5. Materialized Views

Materialized views are a special type of view that stores the result of the query physically. This can improve query performance for complex queries that are frequently executed, as the data is precomputed and stored.

Detailed Explanation

1. CREATE VIEW Statement

The basic syntax for the CREATE VIEW statement is:

CREATE VIEW view_name AS SELECT column1, column2, ... FROM table_name WHERE condition;

Example: Creating a view named "EmployeeDetails" that selects specific columns from the "Employees" table:

CREATE VIEW EmployeeDetails AS SELECT EmployeeID, FirstName, LastName, HireDate FROM Employees;

2. Simplifying Complex Queries

Views can encapsulate complex queries, making them easier to use. For example, a view can combine data from multiple tables, perform calculations, or filter data based on specific criteria.

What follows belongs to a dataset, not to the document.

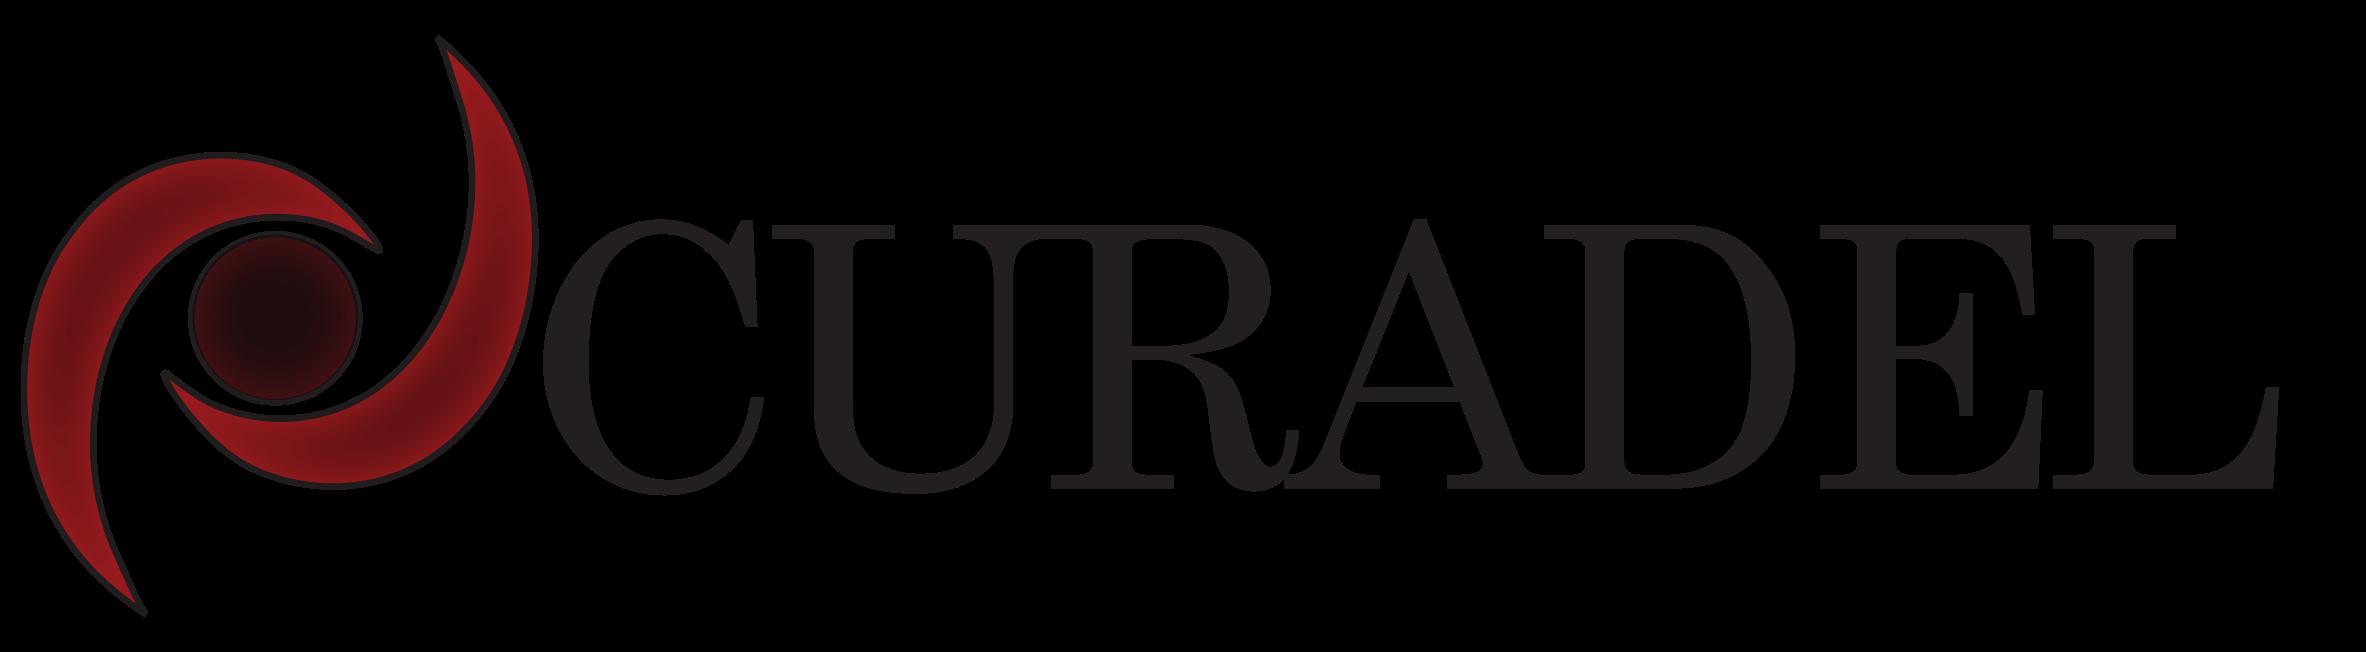 Curadel Logo

Example: Creating a view that combines data from the "Employees" and "Departments" tables:

CREATE VIEW EmployeeDepartment AS SELECT e.EmployeeID, e.FirstName, e.LastName, d.DepartmentName FROM Employees e JOIN Departments d ON e.DepartmentID = d.DepartmentID;

3. Data Security

Views can be used to restrict access to sensitive data. For example, a view can be created to expose only non-sensitive columns, ensuring that users cannot access confidential information.

Example: Creating a view that exposes only the "EmployeeID", "FirstName", and "LastName" columns:

CREATE VIEW PublicEmployeeInfo AS SELECT EmployeeID, FirstName, LastName FROM Employees;

4. Data Abstraction

Views provide a layer of abstraction, allowing users to work with a simplified interface. This is particularly useful when the underlying tables have complex structures or are subject to frequent changes.

Example: Creating a view that abstracts the underlying table structure:

CREATE VIEW EmployeeSummary AS SELECT EmployeeID, FirstName || ' ' || LastName AS FullName, HireDate FROM Employees;

5. Materialized Views

Materialized views store the result of the query physically, improving performance for complex queries. They are particularly useful for queries that are executed frequently and involve large datasets.

Example: Creating a materialized view that stores the result of a complex query:

CREATE MATERIALIZED VIEW EmployeeSales AS SELECT e.EmployeeID, e.FirstName, e.LastName, SUM(s.SalesAmount) AS TotalSales FROM Employees e JOIN Sales s ON e.EmployeeID = s.EmployeeID GROUP BY e.EmployeeID, e.FirstName, e.LastName;

Understanding and mastering these concepts is essential for effectively creating and using views in Oracle SQL. By simplifying complex queries, controlling access to data, providing data abstraction, and leveraging materialized views, you can optimize your database design and improve query performance.